Arrow specification documents¶
Currently, the Arrow specification consists of these pieces:
- Metadata specification (see Metadata: Logical types, schemas, data headers)
- Physical memory layout specification (see Physical memory layout)
- Logical Types, Schemas, and Record Batch Metadata (see Schema.fbs)
- Encapsulated Messages (see Message.fbs)
- Mechanics of messaging between Arrow systems (IPC, RPC, etc.) (see Interprocess messaging / communication (IPC))
- Tensor (Multi-dimensional array) Metadata (see Tensor.fbs and SparseTensor.fbs)
The metadata currently uses Google’s flatbuffers library for serializing a couple related pieces of information:
- Schemas for tables or record (row) batches. This contains the logical types, field names, and other metadata. Schemas do not contain any information about actual data.
- Data headers for record (row) batches. These must correspond to a known schema, and enable a system to send and receive Arrow row batches in a form that can be precisely disassembled or reconstructed.
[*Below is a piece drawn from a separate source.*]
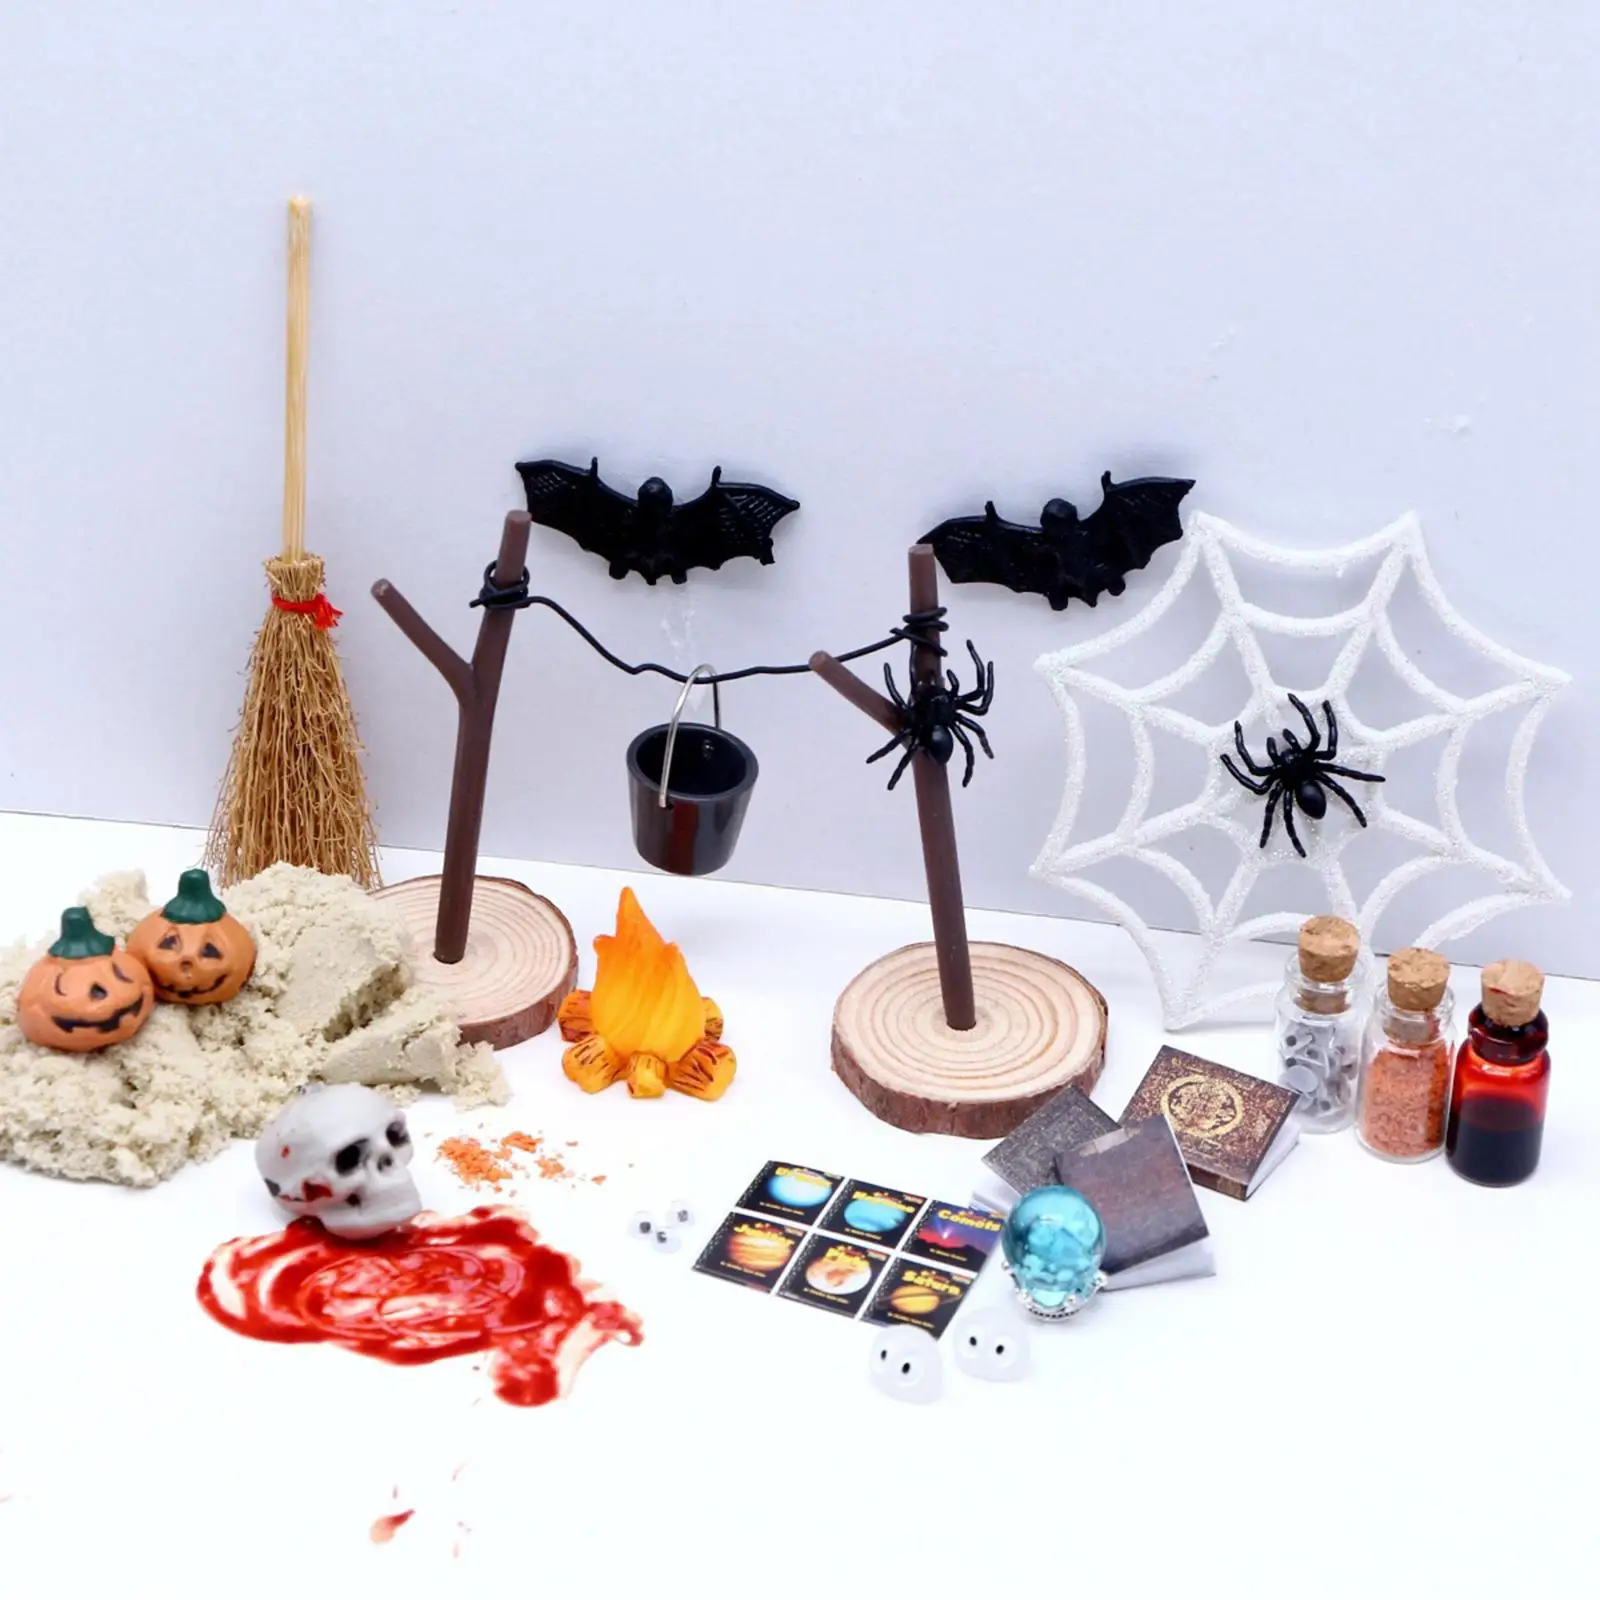 27x Dollhouse Halloween Miniature Ornament Toy Projects Pretend Play Miniature Halloween Scene for Home Room Party Bedroom
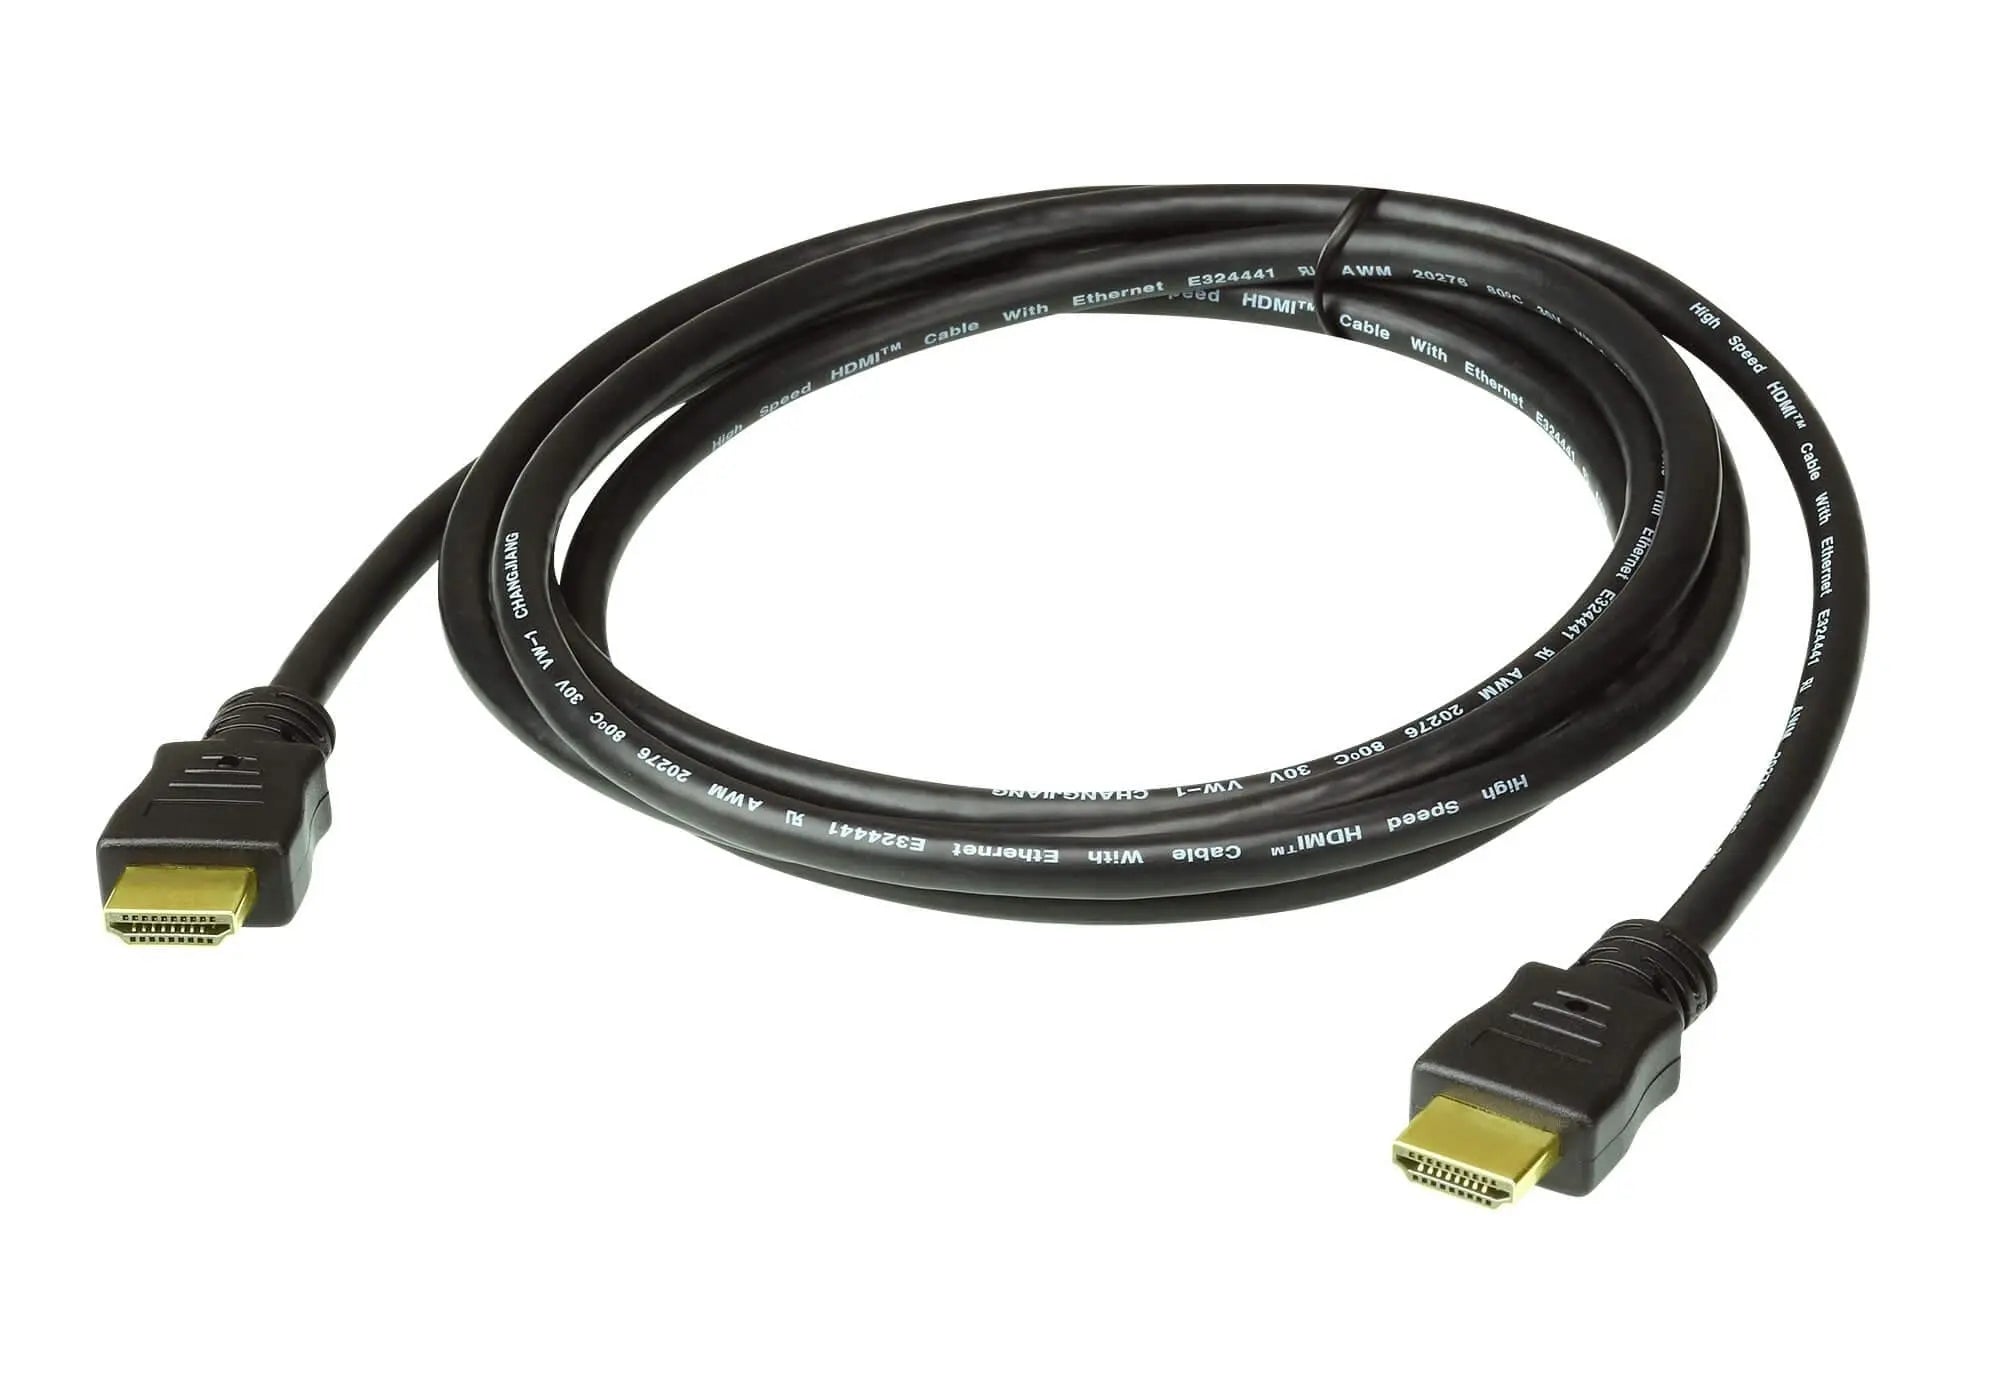 ATEN 5M High Speed HDMI Cable with Ethernet. Support 4K UHD DCI, up to 4096 x 2160 @ 30Hz ATEN

Arrow Format Maturity and Stability¶
We have made significant progress hardening the Arrow in-memory format and Flatbuffer metadata since the project started in February 2016. We have integration tests which verify binary compatibility between the Java and C++ implementations, for example.
Major versions may still include breaking changes to the memory format or metadata, so it is recommended to use the same released version of all libraries in your applications for maximum compatibility. Data stored in the Arrow IPC formats should not be used for long term storage.